SharedIt: https://rdcu.be/cyl3S

Link to the code repository

https://github.com/YtongXie/CoTr

Link to the dataset(s)

https://www.synapse.org/#!Synapse:syn3193805/wiki/217789


Reviews

Review #1

  • Please describe the contribution of the paper

    The authors of this paper present a method that combines a CNN encoder, a transformer based mapping and a decoder for the segmentation of multiple organs in abdominal HRCT scans. The main contribution lies at the transformer and the fact that the authors modify it such that it focuses only on a small set of key sampling locations instead of all possible and the fact that it was applied in 3D medical images.
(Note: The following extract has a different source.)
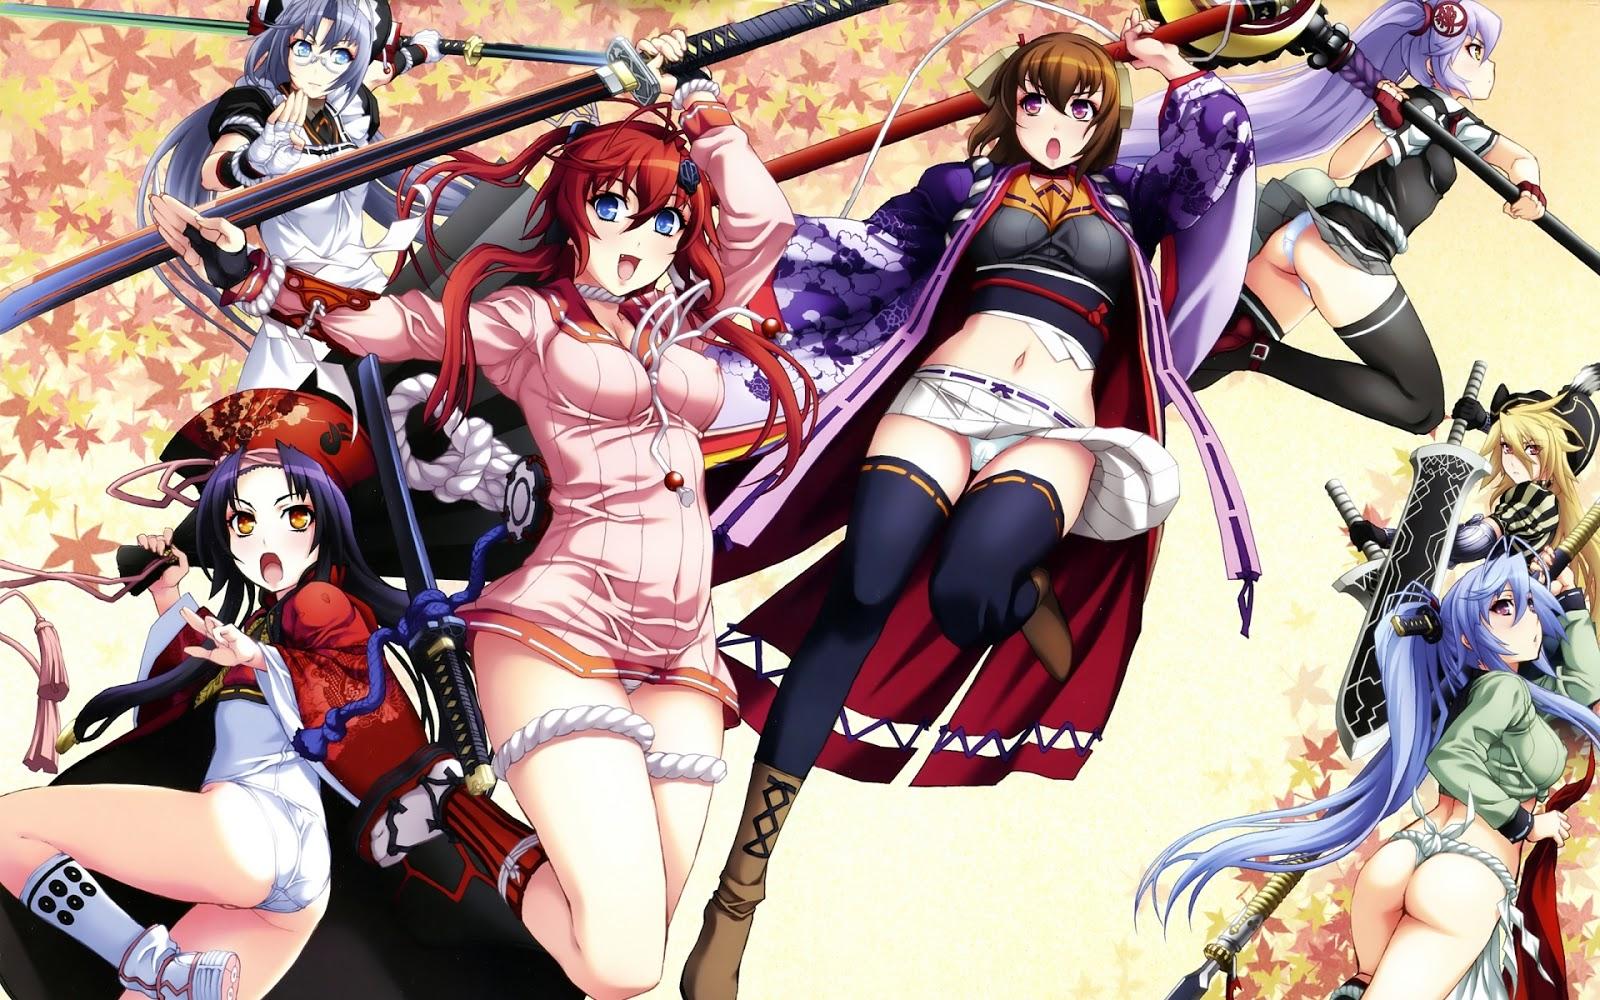 http://3.bp.blogspot.com/-mZM-cLa-HT4/UWlvYyq3VGI/AAAAAAAALMU/Rpp3ASGWvEs/s1600/Hyakka_Ryouran_Samurai_Girls_Wallpaper_1920x1200_wallpaperhere+(1).jpg
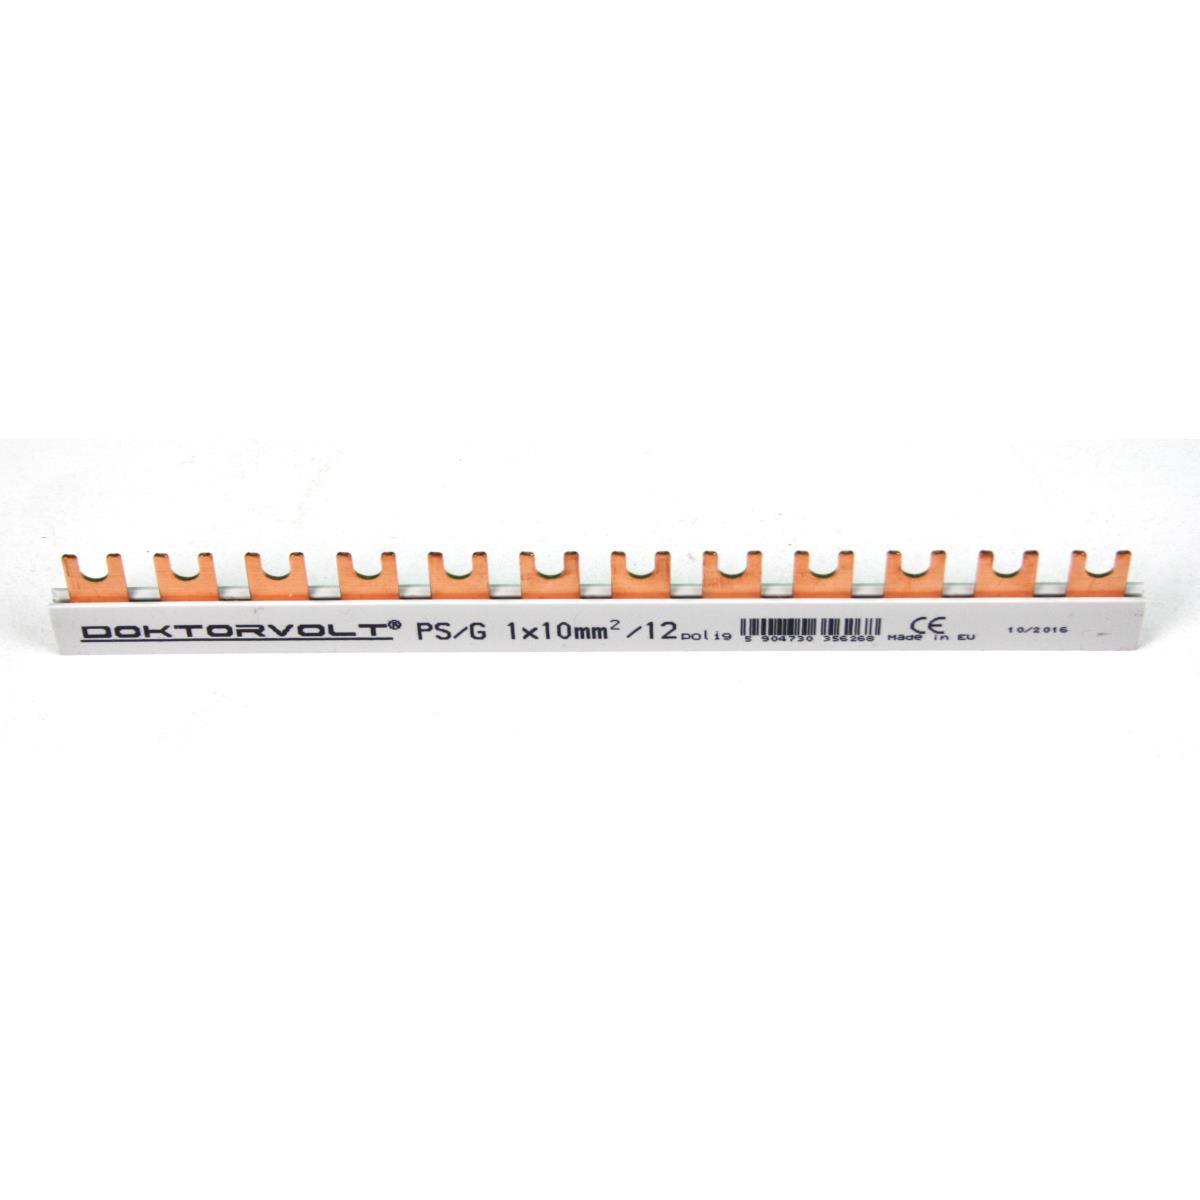 Phasenschiene 1x10mm² 12-Module Sammelschiene Kammschiene Hutschiene 63A,Doktorvolt,DV-6268-PSG, 5904730356268

  • Please list the main strengths of the paper; you should write about a novel formulation, an original way to use data, demonstration of clinical feasibility, a novel application, a particularly strong evaluation, or anything else that is a strong aspect of this work. Please provide details, for instance, if a method is novel, explain what aspect is novel and why this is interesting.
    1. The paper is well written and a clear ablation study is presented.
    2. The use of sampled locations as input to the transformer.
  • Please list the main weaknesses of the paper. Please provide details, for instance, if you think a method is not novel, explain why and provide a reference to prior work.

    The main weakness of the paper is the fact that the authors use a single metric (dice) and do not report standard deviation of the performance. Dice could be a bit biased for large organs. Additionally, the database seems to me a bit small. Results on some more datasets will be highly appreciated, considering that there are a number publicly available.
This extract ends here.